Cet écart entre les courbes nous paraît corrélé aux traits [+/-U], car il nous indique deux zones de registre séparées qui ont des étendues similaires (environ 100 Hz). Dans la zone plus haute sur l‟échelle des valeurs s‟étendent les courbes F0 des tons au trait [+U], et dans la zone plus basse les courbes des tons au trait [-U]. En outre, à l‟intérieur de chaque zone, au début de la voyelle, les courbes sont proches l‟une de l‟autre.
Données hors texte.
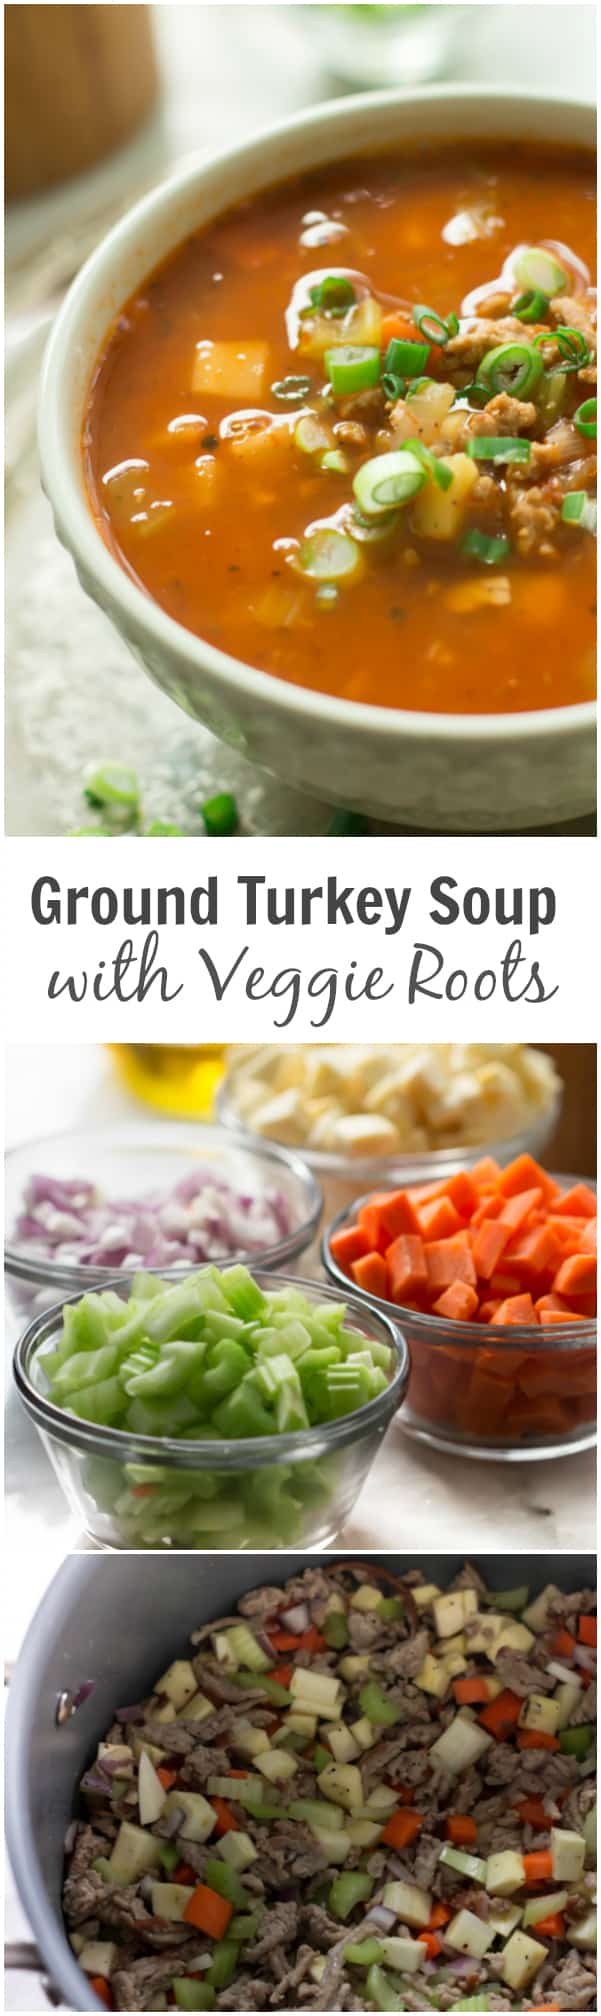 Ground Turkey Soup with Veggie Roots - This Ground Turkey Soup with Veggie Roots is made with carrots, parsnip and extra-lean ground turkey. This warming and nutritious soup is also great to freeze. Enjoy!

Cela démontre l‟effet des traits [+/-U] sur la valeur de F0 dans cette phase. Les traits [h/l] nous paraissent en corrélation avec un écart entre les courbes à la fin de la voyelle. Cet écart apparaît entre les courbes au même trait à registre. Il s‟élargit graduellement jusqu‟au-dessus de 60 Hz. Le croisement entre la courbe T2 et la courbe T4 observée à la fin de la voyelle est d‟ailleurs également dû aux traits [h/l].

Figure 60 : Courbes F0 de /u/ sur les quatre tons, définies à partir des moyennes interindividuelles des valeurs de F0.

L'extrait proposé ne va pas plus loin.